#642641
Eva LaFey
Lady

In my earliest memories, at about 3 years old, I was wearing my older sister’s hand-me-downs. She would dress me up in skirts, dresses, sometimes a wig. I remember how much I loved the corset with the tiny, pink flower on the front. That was my favorite! Being a little kid, I didn’t realize everyone wouldn’t be as excited as I was about the corset. At the dinner table, I pulled up my shirt to show everyone how pretty it was. My father, a self-proclaimed alpha male, blew up. From then on, I had to be in dull, boring boy’s clothes before he got home from work. My days were spent in colorful and fun girl clothes. I was so happy, until time to change so my father wouldn’t blow his top. Somewhere around 4 or 5, I refused to wear my sister’s panties. I still wanted to wear her dresses and such, but I guess societies expectations had started to become clear to me.
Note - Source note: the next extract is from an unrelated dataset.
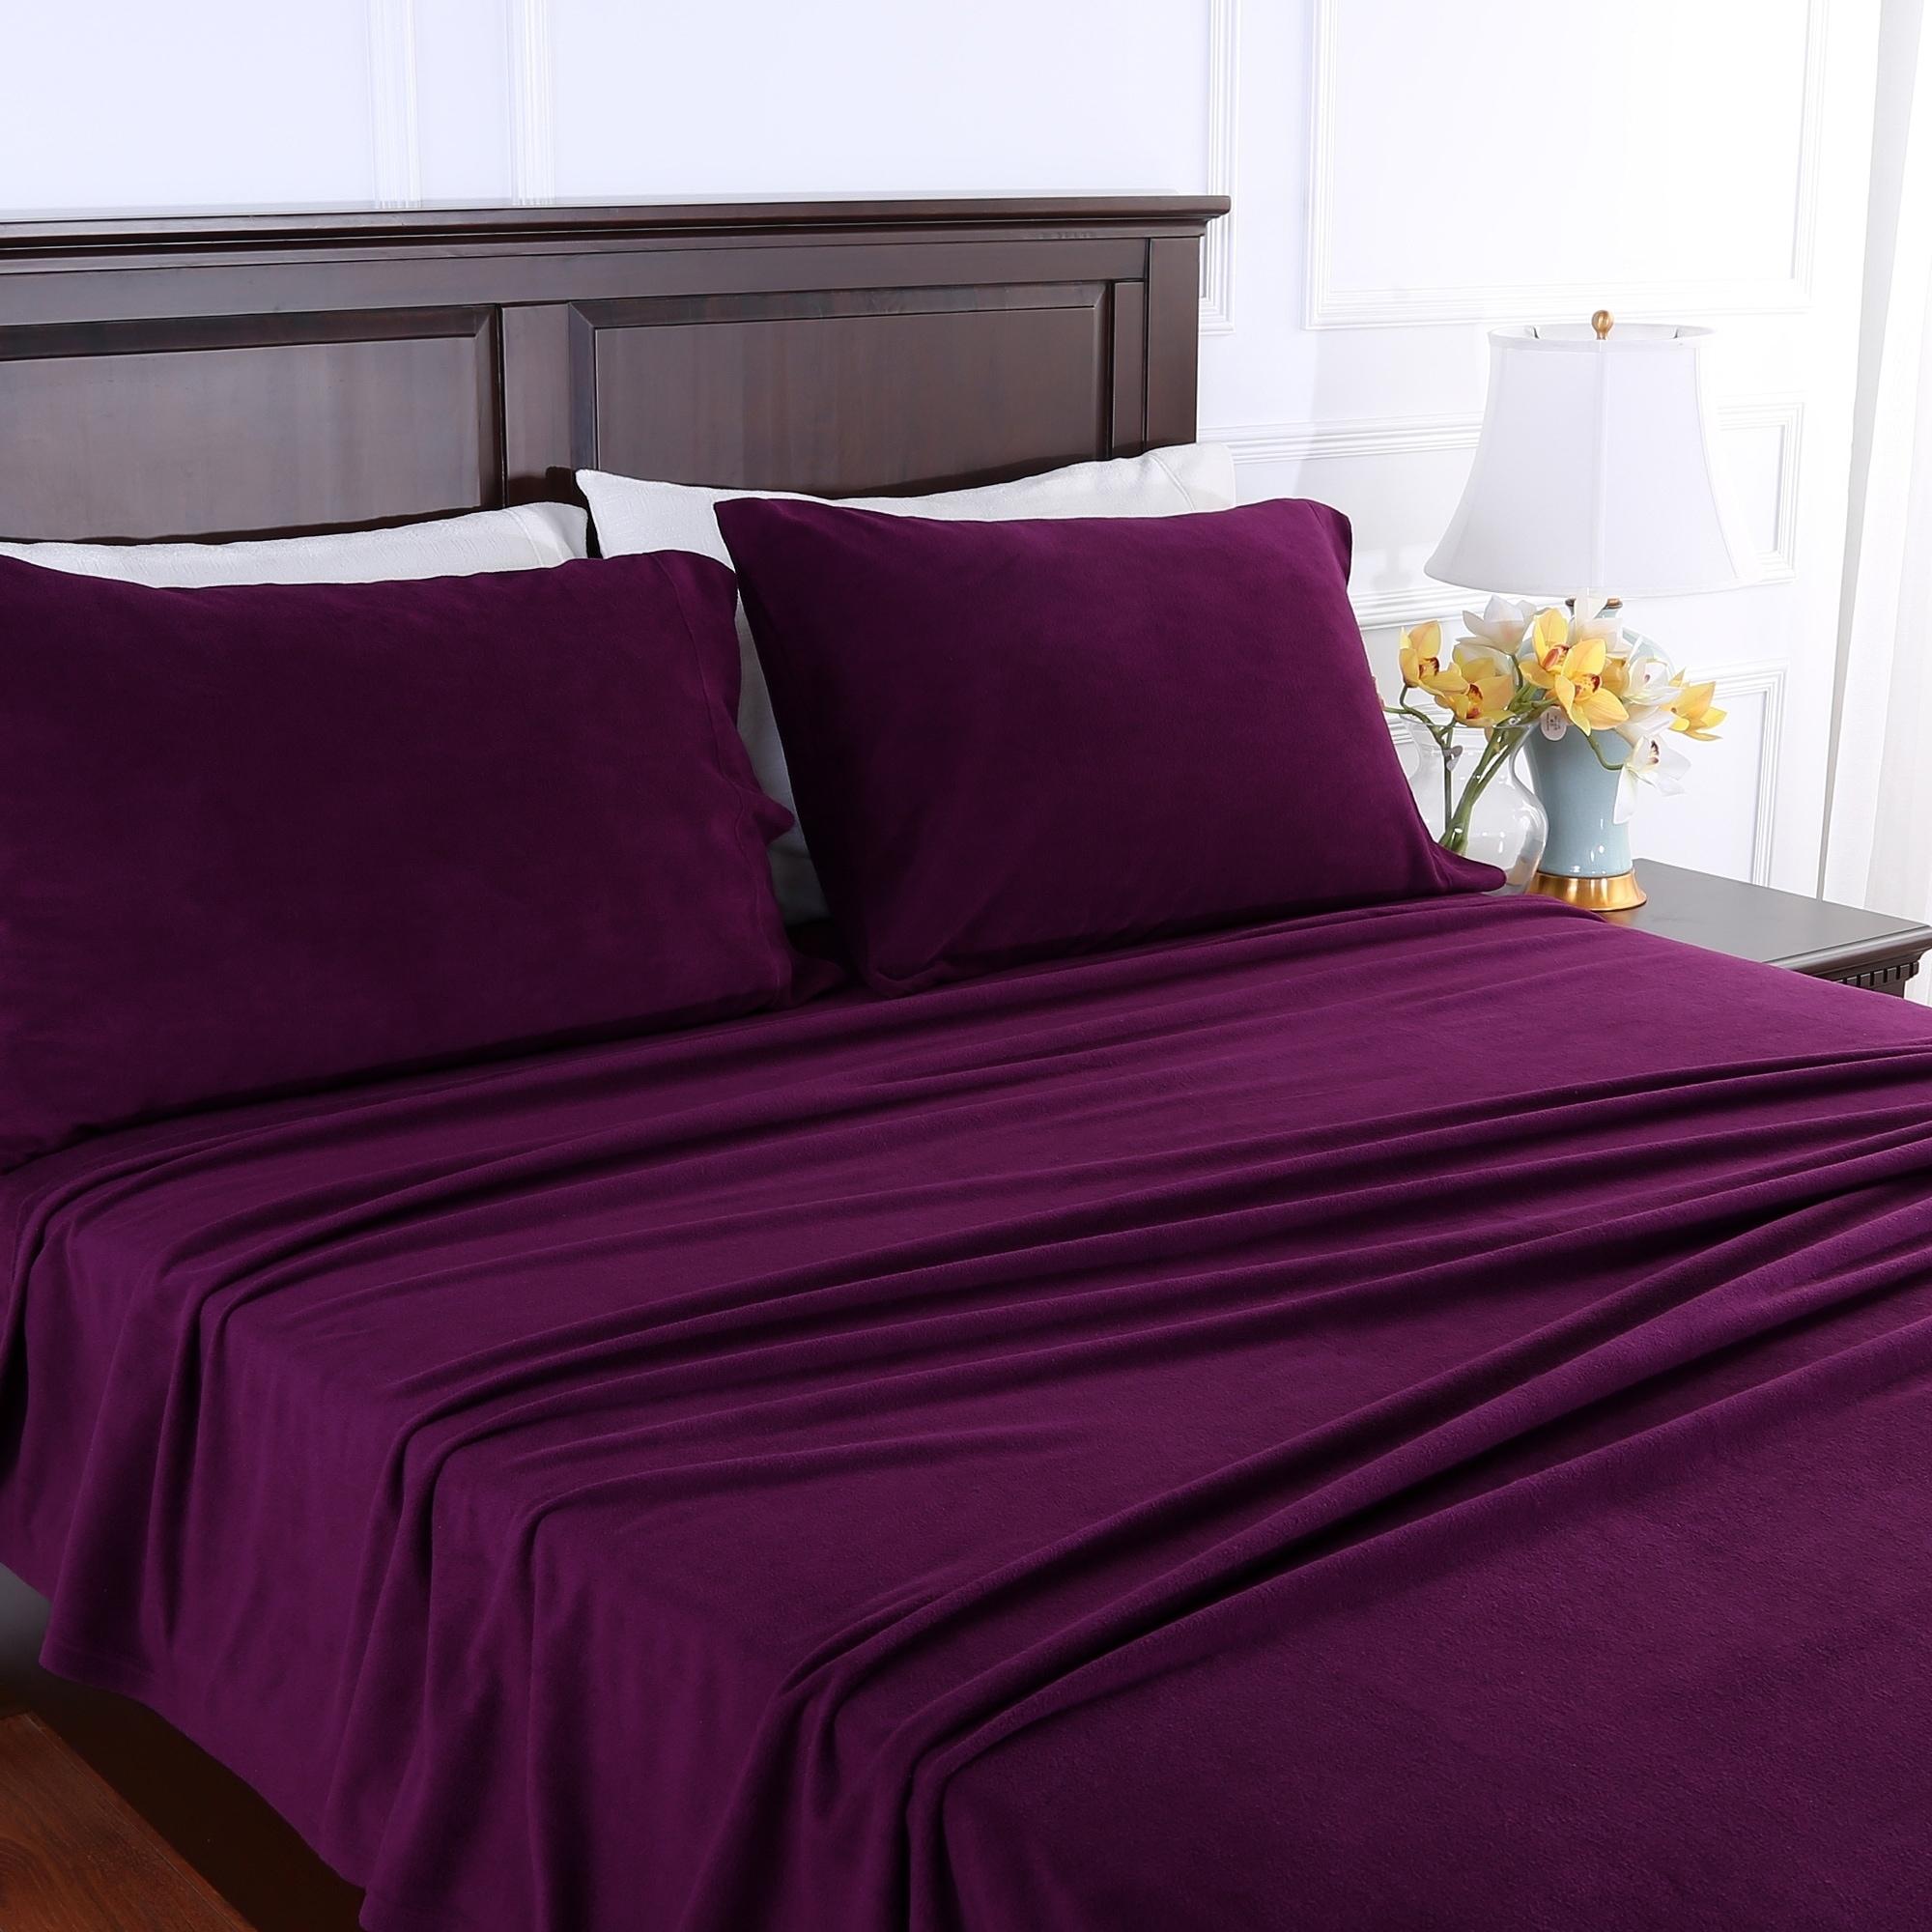 Genuine Microfleece Bed Sheet Set Warm Winter Color Palette On Sale Overstock 21018920

The end of my childhood in skirts was when I was about 6. I was walking to school when I realized I was still wearing nail polish. I frantically tried to scrub it off in the sandbox outside the classroom. All day I hid my hands, hoping none of the other boys would notice. A few times after that, when I was out of clean underwear, my mother would give me a pair of my sister’s panties to wear for the day. I loved all the little flowers on them; it made me feel pretty.